I agonized over the compromise we made on saying Natural Flavor (broth) instead of Water Sufficient for Processing in the ingredient panel. We actually did three focus groups and all were confused by "water sufficient for processing" on the bag, and had trouble moving on to understand other things about DNA. In subsequent focus groups where we changed the label to "Natural Flavor", they concentrated on the features and benefits of DNA. DNA markets itself as a "dried wet food" - so we had to disguise the water we use for mixing in some way so that consumers did not think there was wet food in the bag. What we do is thaw the meat out before processing, capture the melt water, and add it back along with any species specific MSG free broth that we need for mixing. Each formula has species specific broth - (i.e.

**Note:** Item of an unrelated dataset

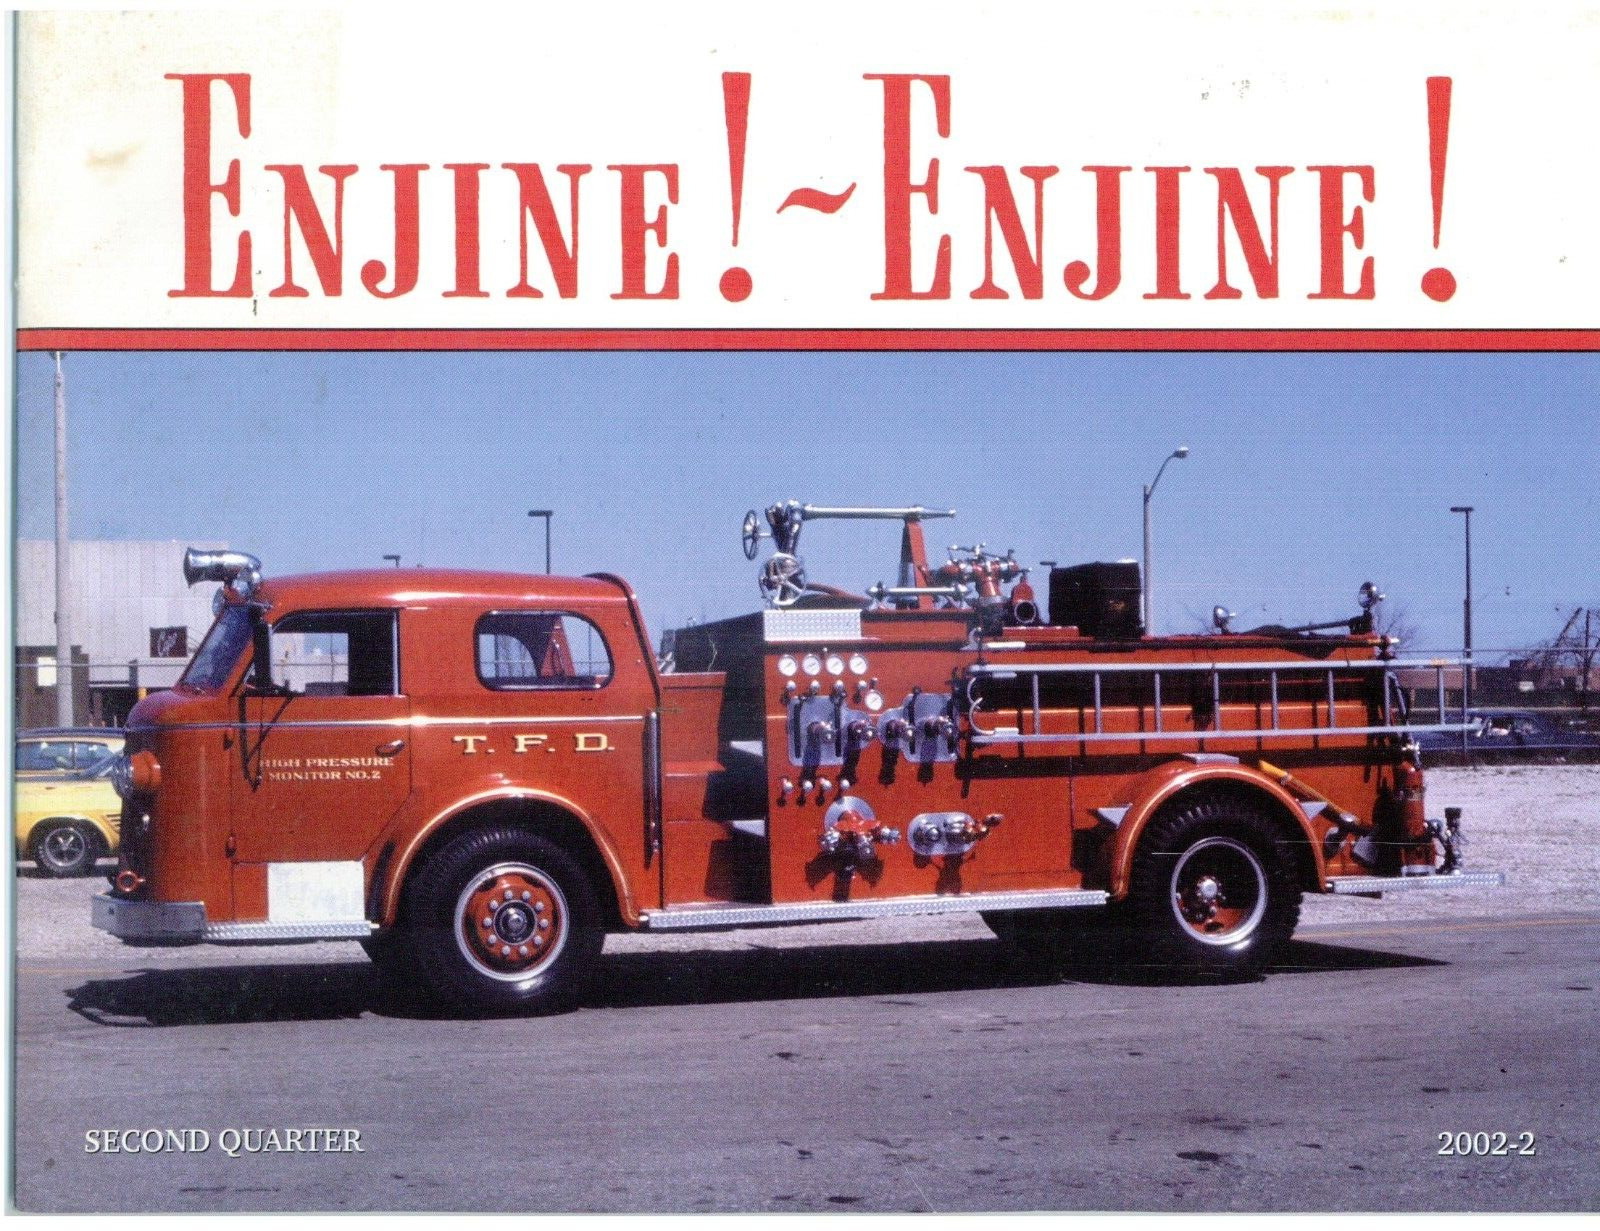 High Capacity Pumping Engine Fire Trucks – Q2 2002 Enjine Magazine

Chicken broth with Chicken) No MSG is in the food whatsoever - even indirectly inside of other ingredients. DNA is preserved with mixed tocopherals, and like beef jerky, we put a non-toxic oxygen removing pack in each bag. Being 2/3 meat, we don't need any help with palatability enhancers like MSG, and the oxygen remover packet is much more expense than adding MSG for it's preservative properties. As long as I own the company, there will never be ingredients like MSG in the food. - Ken Wilks


----------



## Elisabeth (Jul 18, 2011)

dogfoodguy said:


> Hi Elisabeth,
> 
> I agonized over the compromise we made on saying Natural Flavor (broth) instead of Water Sufficient for Processing in the ingredient panel. We actually did three focus groups and all were confused by "water sufficient for processing" on the bag, and had trouble moving on to understand other things about DNA. In subsequent focus groups where we changed the label to "Natural Flavor", they concentrated on the features and benefits of DNA. DNA markets itself as a "dried wet food" - so we had to disguise the water we use for mixing in some way so that consumers did not think there was wet food in the bag. What we do is thaw the meat out before processing, capture the melt water, and add it back *along with any species specific MSG free broth *that we need for mixing. Each formula has species specific broth - (i.e. Chicken broth with Chicken) No MSG is in the food whatsoever - even indirectly inside of other ingredients. DNA is preserved with mixed tocopherals, and like beef jerky, we put a non-toxic oxygen removing pack in each bag. Being 2/3 meat, we don't need any help with palatability enhancers like MSG, and the oxygen remover packet is much more expense than adding MSG for it's preservative properties. As long as I own the company, there will never be ingredients like MSG in the food. - Ken Wilks


thanks ken. i understand t he melt water part which is great and i have no problem with that, i just don't get the "along with any species specific MSG free broth" part. where does the broth come from? i know that even broth in the health food store that clames to be msg free does have it in there, they just use a different word for it like "natural flavor, yeast extract, carrageenan, maltodextrin, gum, citric acid......


----------



## dogfoodguy (Aug 28, 2012)

HI Elisabeth,

The co-packer I use is Performance Pet Products (PPP). PPP is a comparatively small subsidiary of the Rosen Group - the 5th largest producer of meat products for human consumption in North America. The Rosen Group supplies most of the meat ingredients for DNA - including the broth. Being vertically integrated gives Rosen an advantage most other pet food companies do not have; when I specify "MSG free broth" in the DNA formula, they can deliver it to me from their own internal resources at a price that is much less than if we had to source it on the open market. I really enjoy the best of both worlds having DNA foods made at PPP. It is run like a small family owned business, with my friend (and neighbor) Doak Porter as President, but it also has the ingredient sourcing and other resources of a 5 billion dollar company behind it. 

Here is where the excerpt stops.